John Edwards is back, talking with the Clinton and the Obama campaigns, presumably about potential terms of an endorsement. Given his slashing attacks on Senator Clinton, One would expect him to endorse Obama or no one. Politics being what it is, one would be foolish to predict.
I was never much of a John Edwards fan. Yet one has to have a heart of stone not to be moved by his tale of the two Americas. His concerns about inequality obviously run deep. No one should doubt that we really do live in two Americas: one filled with opportunity, security, and hope, and another which conspicuously lacks each of these things. Millions of people live in each America. Less noticed is the reality that many people straddle both, at different times of our lives or in facing different concerns.
Edwards provided a necessary corrective to our national complacency, but his angry populist stance was sometimes dangerous and, ultimately, self-limiting in a country dominated by middle-class concerns. The truth is: we all have a stake in this issue. Each of us, not only poor people, is harmed by widening inequality. Each of us is also harmed by the impoverished public sphere that has accompanied this trend. A society blessed with beautiful iPhones and art museums alongside poor public services, too few food inspectors, and crumbling schools is not healthy or stable. It is not even, over the long-run, likely to remain prosperous. This is an old issue, going back at least to Galbraith’s Affluent Society. It remains pressing.

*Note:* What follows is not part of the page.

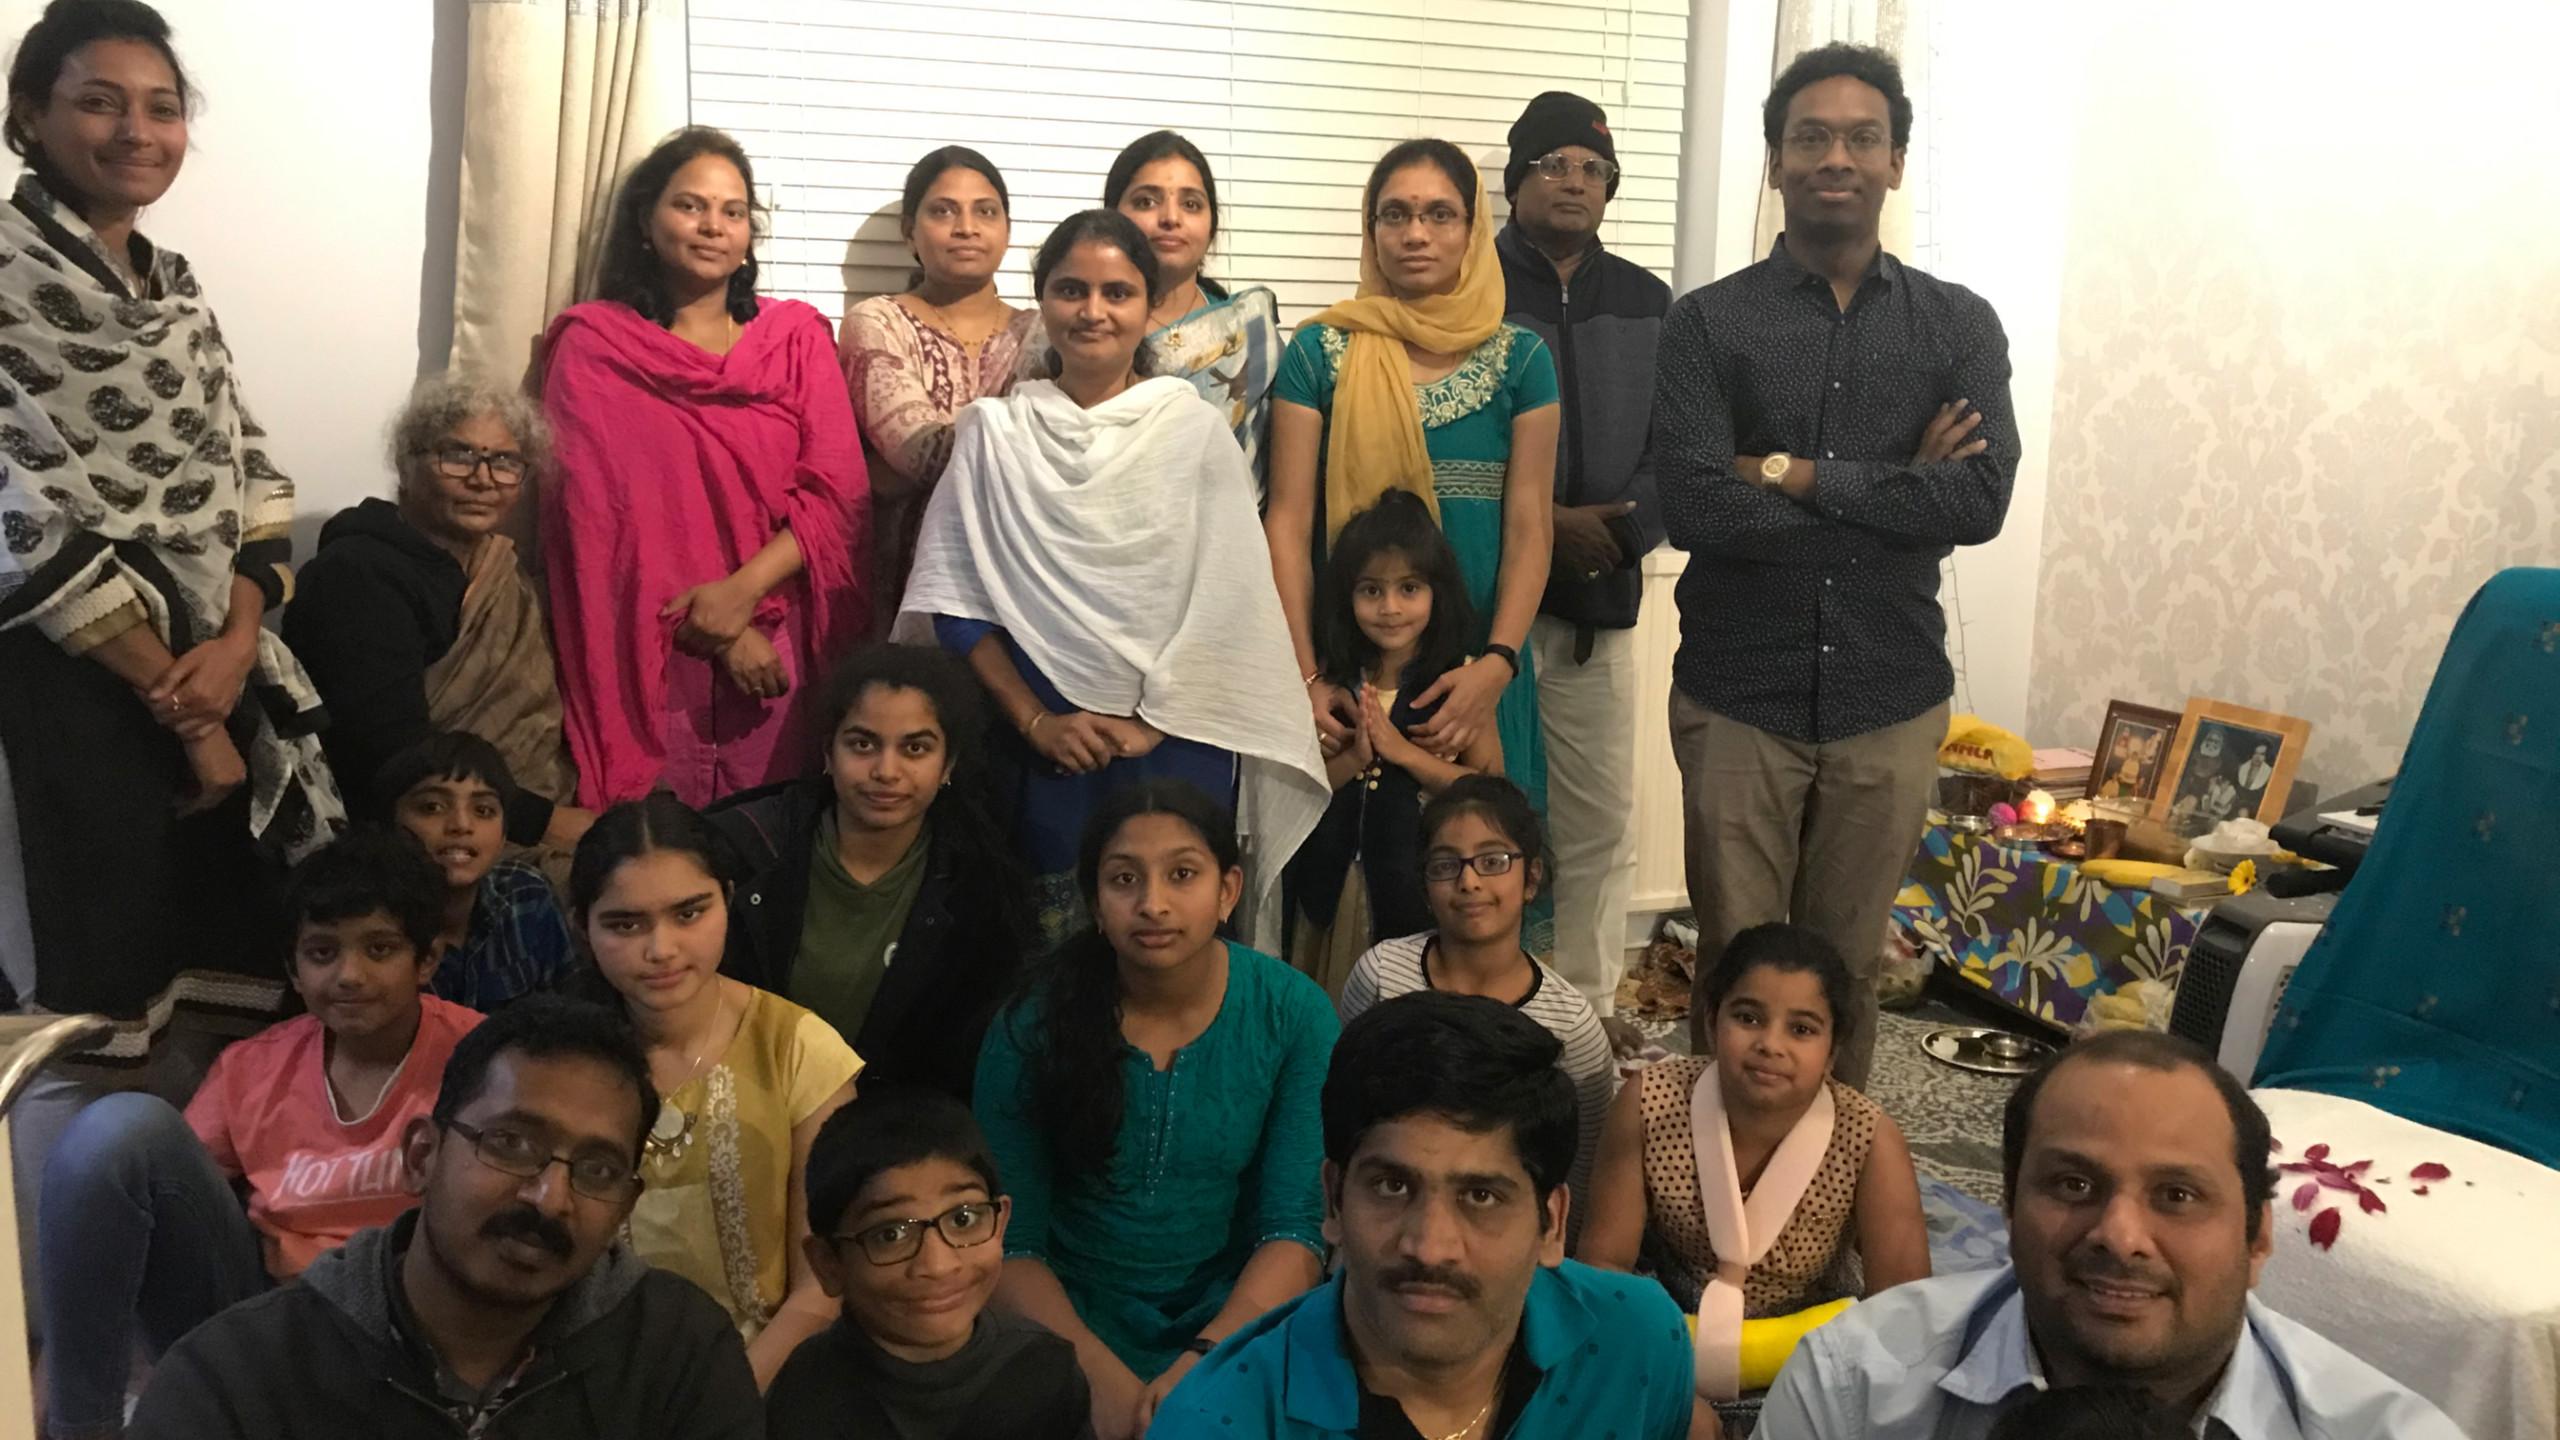 London Aaradhana at Mr.Krishna Kishore Yerra's house on 5th Oct 2019

Consider one example of how a narrow vision of government hurts us all. Not long ago, HHS Secretary Michael Leavitt weighed into the long-term care debate by pronouncing that “Medicaid must not become an inheritance protection plan.” With surgical precision, Leavitt illustrated how Republicans are so wrong-headed in their approach to social problems. A party aghast about the “death tax” remains oddly sanguine about the prospect that millions of people lose their life savings because of prolonged illness requiring costly care.
I don’t know about you, but I’m not thrilled about the possibility that I might contract Alzheimer’s. Every year, tens of thousands of people walk into that final fog terrified that everything they hoped to leave their children will instead be spent checking their bedsores and changing their diapers.
The idea that we can protect each other from such terrors is the essence of social insurance. Although the private sector can help, we can’t do this without activist government. Americans understand this point. This is why many state legislatures create or tolerate loopholes in Medicaid estate planning. This is why Americans emphatically rejected efforts to privatize Social Security, even before the Bush presidency headed south.
Social security, in this generic sense, also provides the precondition for a modern economy. Without some sense of security, protection, and yes some progressive redistribution of the resulting gains, ordinary people have little reason to support market policies such as free trade that promote efficiency and global economic growth, but that also bring uncertainties and risk. All of these issues touch each of us, sometimes quite personally.
For much of my life, I saw myself as the classic yuppie who votes Democrat because this is the right thing to do, but who personally benefits from Republican tax cuts. Now, through accident of family circumstance, I find myself the co-guardian of an intellectually disabled man with medical problems. I thank my lucky stars for Social Security, Medicare, Medicaid, and lesser-known programs. I only wish these programs were more generous and more effectively administered.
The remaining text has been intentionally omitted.